Poesie Melancholie Philosophie Feminismus Anarchismus

Eltern - Über unbeschadetes, nicht schädigendes Elternseinkönnen und die hierfür erforderlichen Bedingungen, Voraussetzungen sowie über Bildung des Geistes, des Herzens, des Charakters und das Bildungssystem ...

 
Vorab ein kurzes statement zum verbreiteten Elternbashing:
 
Siehe sogenannte "Helikoptereltern", professionalisierte Elternschaft, siehe Optimierungswahn, siehe, woher dies kommt, woraus es resuliert: Kleinfamilie, übers Kind eigene Defizite kompensieren wollen (meist unbewusst), Primat der Wirtschaft, Leistungsideologie, Effizienz: alle müssen noch flexibler, d.h. flexibilisierbar, noch mobiler, noch besser "qualifiziert", noch umfassender verfügbar, funktional, instrumentalisierbar sein - nicht für mehr Lebensqualität, sondern fürs kapitalistische Wirtschaftswachstum und für Äußerlichkeiten, Oberflächliches: Ansehen, Status, Renommee, Fassade - Haben statt Sein, erinnern wir uns gerne an Erich Fromm und lesen wir ihn wieder.
 
Und genau in dieser "Tradition" stehen auch staatliche Schulen: Konkurrenz, Wettbewerb, Leistungsideologie, Druck, Zwang, Kontrolle, Strafe - letztlich also patriarchale Schwarze Pädagogik.
 
Erforderlich wäre stattdessen - längst und tatsächlich global - der bedürfnisorientierte Umgang mit Säuglingen, Kindern, Jugendlichen (nennt sich heute "attachment parenting", es geht aber auch ohne Anglizismen).
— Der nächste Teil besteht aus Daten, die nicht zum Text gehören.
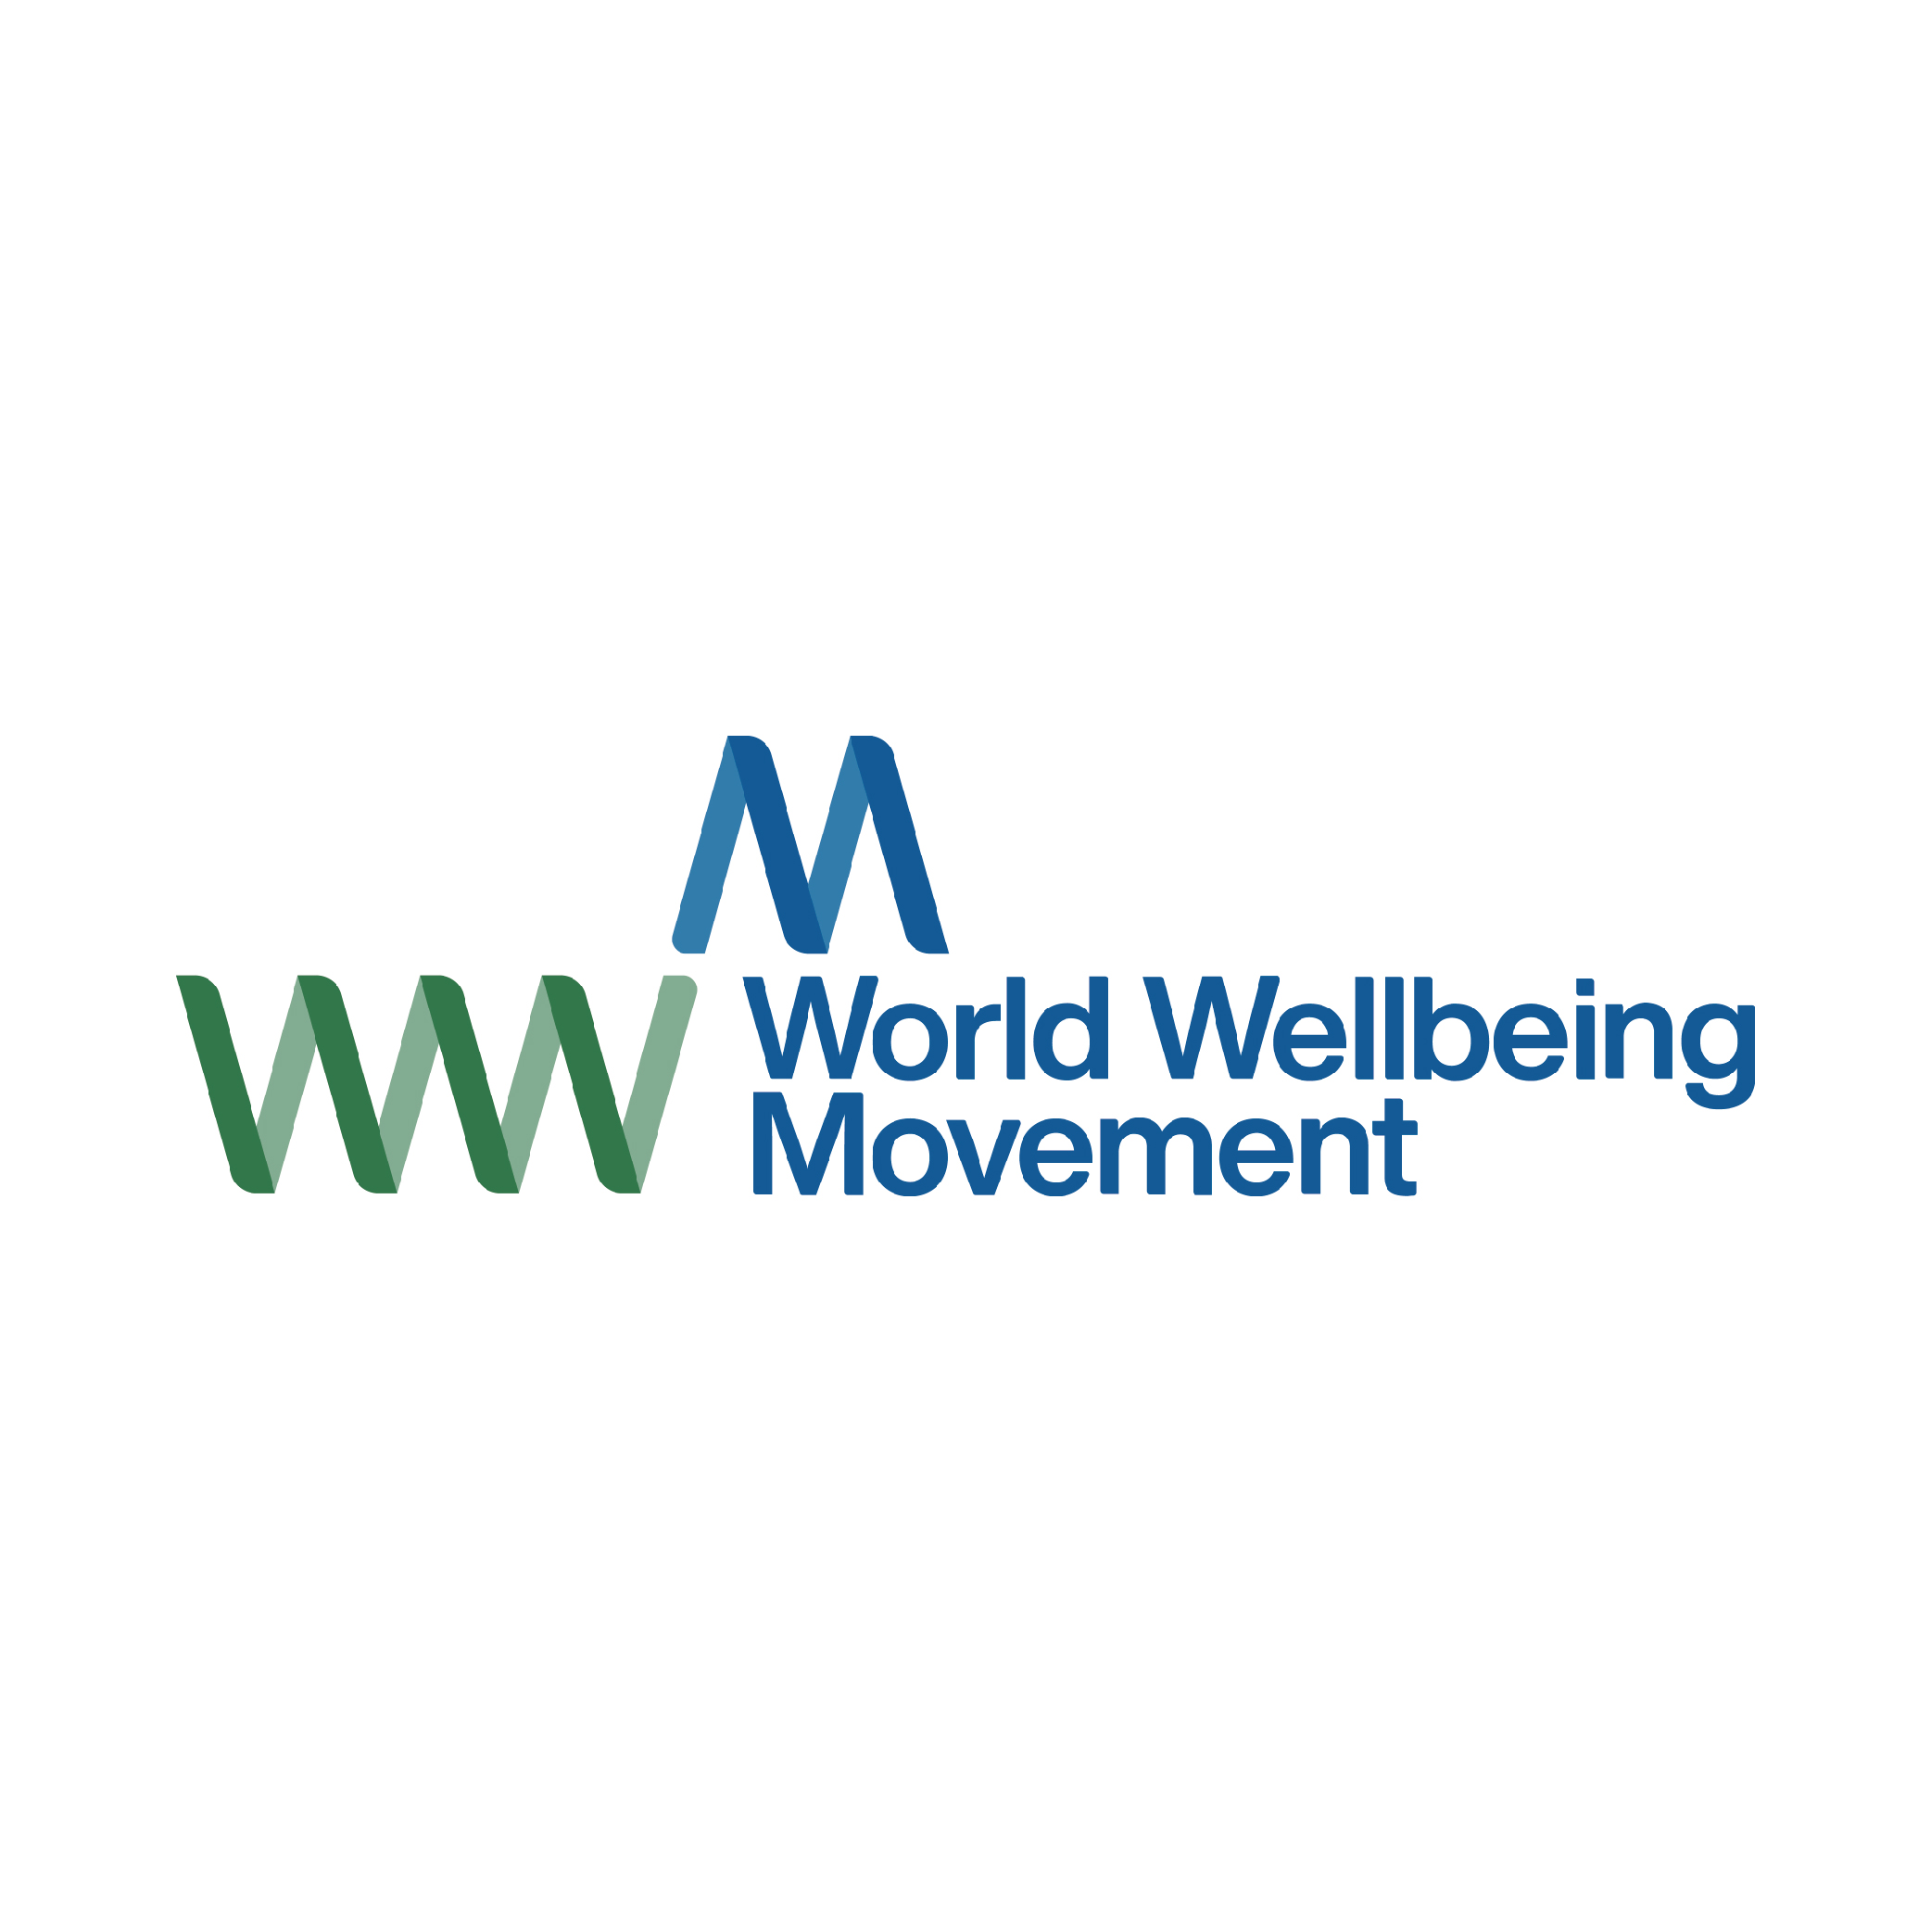 World Wellbeing Movement
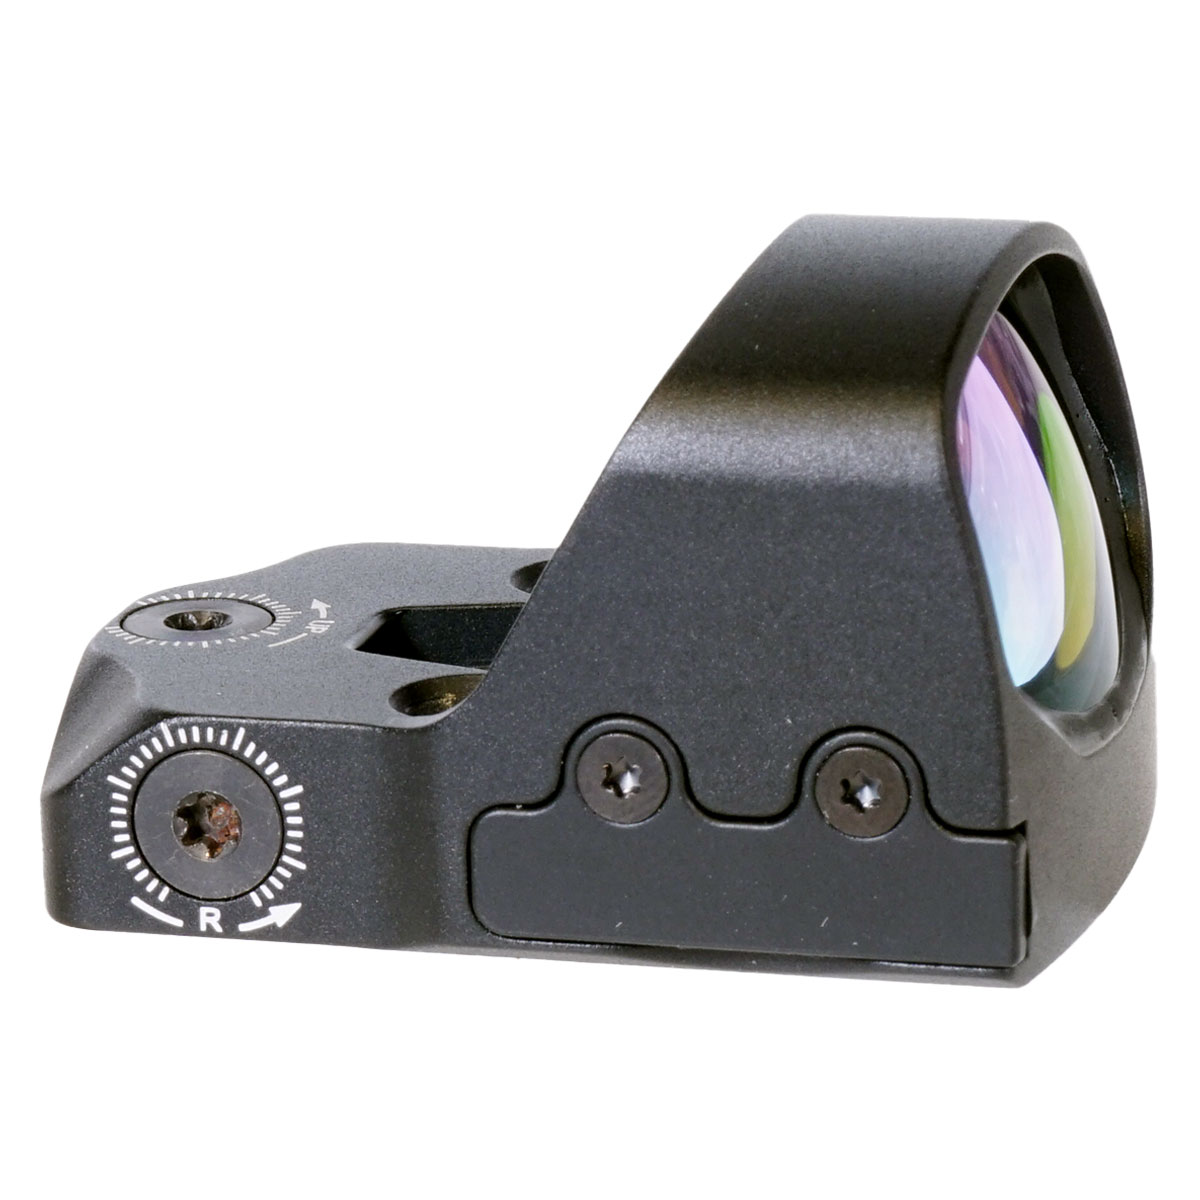 SHOTAC Heavy Duty RMR/Picatinny Micro Red Dot Sight - 50,000 Hour Battery Life

Und entsprechende Schulen, siehe demokratische, soziokratische, bedürfnisorientierte Bildung, Schule - bspw. nach dem Konzept von Summerhill, Sudbury Valley, siehe, wie sich bspw. auch Gerald Hüther hierzu äußert.
 
Es braucht auch keine x Erziehungsratgeber, sondern selbst nicht beschädigt worden seiende, empfindsame, feinfühlige, empathische Eltern, die t a t s ä c h l i c h liebe- und respektvoll, also bedürfnisorientiert, mit Kindern umgehen - und das auch können, was wiederum bestimmte Vorbedigungen zur Voraussetzung hat, nicht nur je persönliche (siehe Prägung, Sozialisation, auch bspw. religiöse Indoktrination ...), sondern gerade auch soziale, gesellschaftliche, politische.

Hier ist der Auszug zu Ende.